What You Can't See Will Hurt You (and Your Patient)
Abstract & Commentary
Comment by Allan J. Wilke, MD, Associate Professor of Family Medicine, Medical College of Ohio, Toledo, OH, and Associate Editor, Internal Medicine Alert
Synopsis: Concealed renal insufficiency is common and contributes to adverse drug reactions from hydrosoluble medications.
Source: Corsonello A, et al. Arch Intern Med. 2005;165:790-795.

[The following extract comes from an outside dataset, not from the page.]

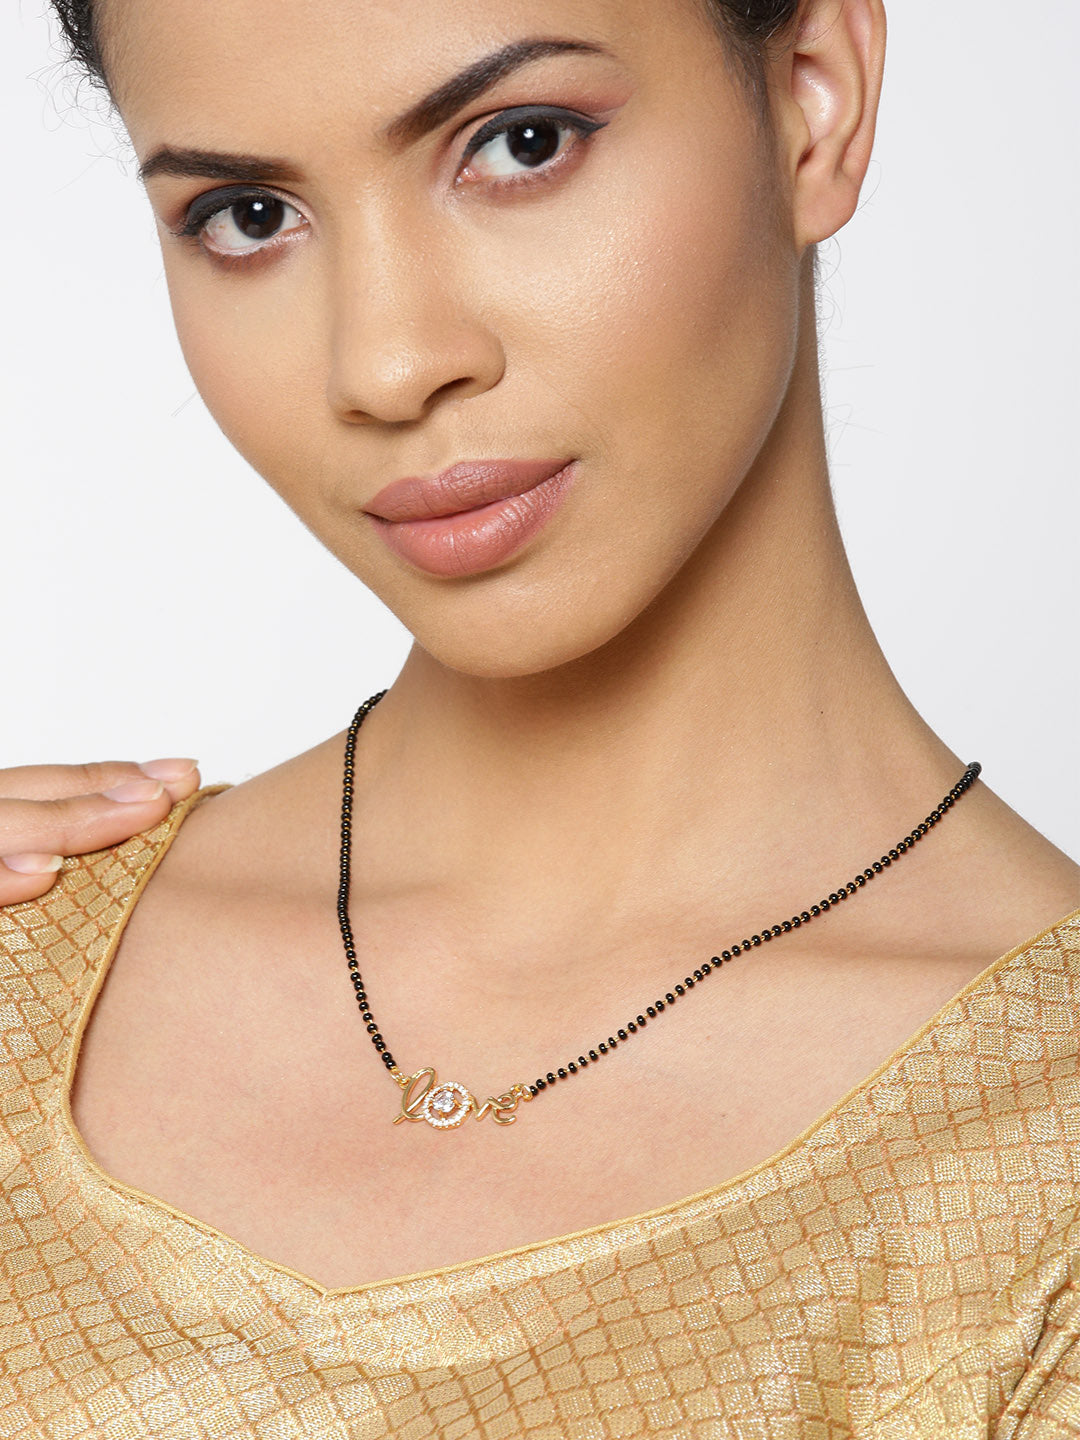 Gold-Plated AD Studded LOVE Message Mangalsutra With Black Beads Chain

Aging affects drug metabolism. the physiology behind this includes decreased liver and renal reserve, changes in body composition favoring a greater percentage of fat,1 and decreased perfusion of the liver and kidneys. Drugs that undergo a high degree of first-pass extraction have a decreased rate of metabolism.2 The glomerular filtration rate (GFR) falls by 10 mL/min/decade, resulting in a 50% decline between the ages of 30 to 80 years.3 Renal insufficiency in the elderly can be missed if we rely solely on measurement of serum creatinine (Cr). They have a smaller percentage by weight of muscle mass than young adults and inefficiently filter a lower concentration of Cr. The physiologic corollary to this is that the elderly have a smaller water mass than younger people (50% vs 60-65%, respectively). This means that the volume of distribution of hydrophilic drugs (or, as Corsonello and colleagues describe them, hydrosoluble drugs) is smaller in the elderly. The incidence of adverse drug reactions (ADRs) is higher in the elderly. Corsonello et al hypothesize that these 2 observations are linked.

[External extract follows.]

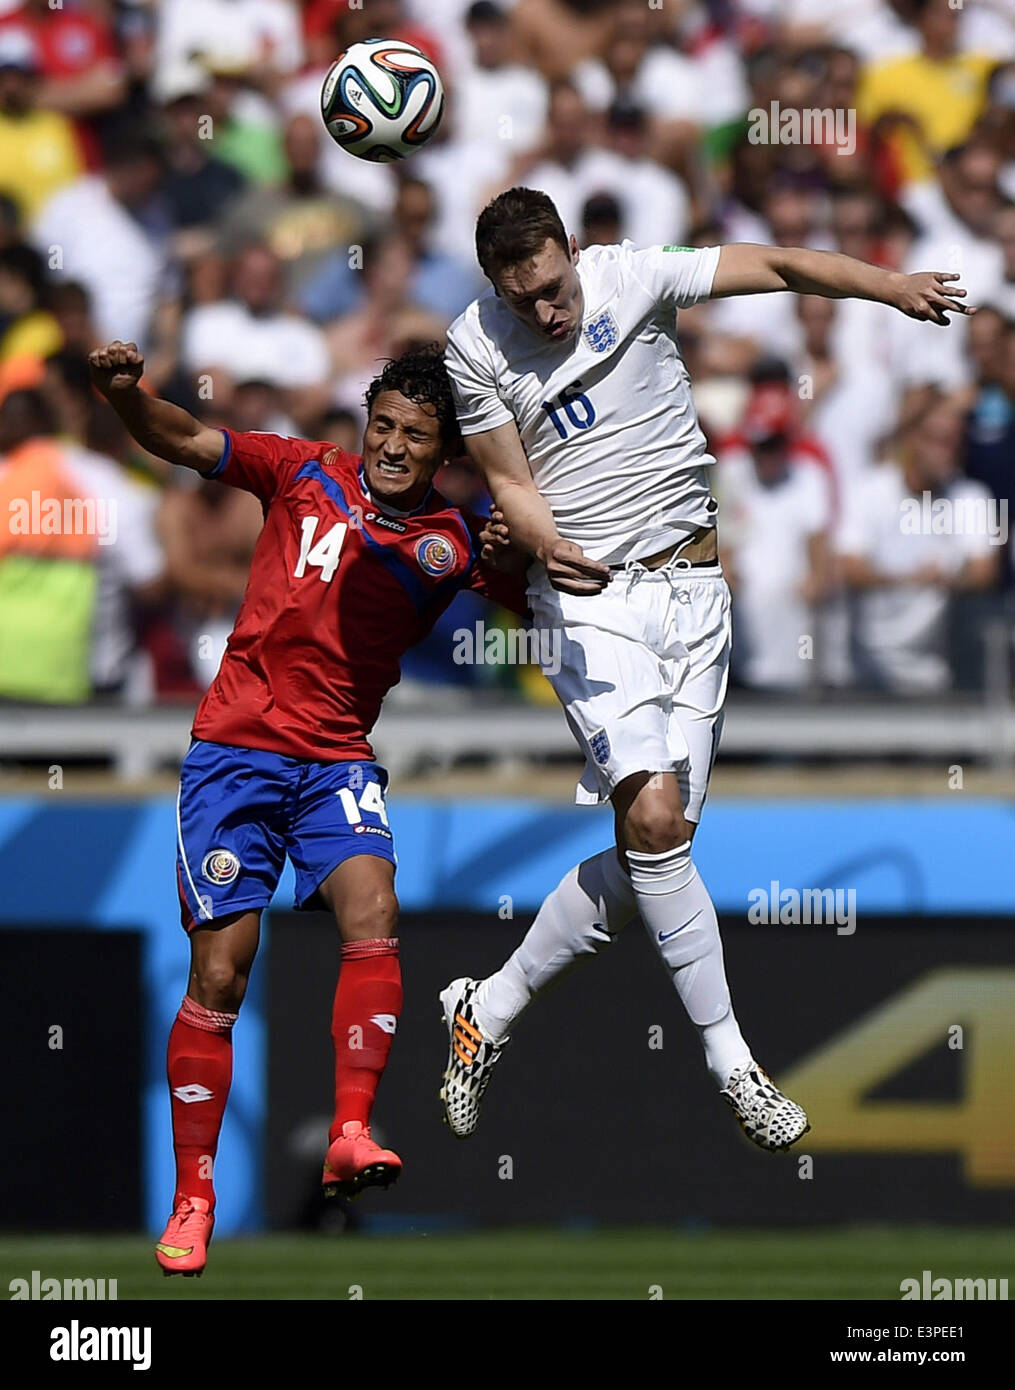 Belo Horizonte, Brazil. 24th June, 2014. Costa Rica's Randall Brenes (L) competes for a header with England's Phil Jones during a Group D match between Costa Rica and England of 2014 FIFA World Cup at the Estadio Mineirao Stadium in Belo Horizonte, Brazil, on June 24, 2014. © Qi Heng/Xinhua/Alamy Live News Stock Photo

The Gruppo Italiano di Farmacovigilanza nell’Anziano (GIFA) has conducted a large observational study of ADRs. They collected data between 1993 and 1998 and enrolled 17,186 hospitalized patients. After excluding patients who died during hospitalization, those on whom data were not available, and those who were not on geriatric or internal medicine services, the population was reduced to 11,687 patients.
Corsonello et al used the World Health Organization’s definition of ADR, and the patients’ physicians determined whether or not an ADR occurred. GFR was estimated by the Modification of Diet and Renal Disease Study (MDRD) formula (see Table). Corsonello et al defined 3 conditions: normal renal function (NRF, Cr < 1.2 mg/dL and GFR > 60 mL/min), concealed renal insufficiency ([CRI], Cr < 1.2 mg/dL and GFR < 60 mL/min), and overt renal insufficiency ([ORI], Cr > 1.2 mg/dL and GFR > 60 ml/min). The patients were grouped into 3 classes based on renal function. The NRF class had 7195 patients (62%); CRI, 1631 (14%); and ORI, 2861 (24%). In addition to the usual demographic measures, the other variables included body mass index (BMI), serum albumin, functional status by activities of daily living (ADL), and cognitive status.
Table: MDRD Study Formula
The percentage of patients older than 80 years was greater in the concealed and overt renal insufficiency groups than in the normal group (23% NRF, 44% CRI, 42% ORI), as were the percentage of male patients (47% NRF, 53% CRI, 64% ORI). Patients in the normal group were less dependent in ADLs, less cognitively impaired, less likely to be prescribed more that 4 medications, and less likely to have more than 4 diagnoses. They were less likely to have hypoalbuminemia, diabetes, congestive heart failure, and hypertension.
During hospitalization, 941 patients (8.0%) had an ADR. Significant risk factors for ADRs included age older than 65 years, female gender, hypoalbuminemia, having more than 4 diagnoses, taking more than 4 medications, having a length of stay in excess of 14 days, and having ORI (but not CRI). When the ADRs were grouped by hydrosolubility, age was associated with hydrosoluble drugs and female gender with non-hydrosoluble drugs, and the other risk factors appeared with statistically equivalent frequencies. ADRs to non-hydrosoluble drugs were not associated with renal function. Patients afflicted with an ADR to a hydrosoluble drug were more likely to have CRI (odds ratio, 1.61) or ORI (odds ratio, 2.02).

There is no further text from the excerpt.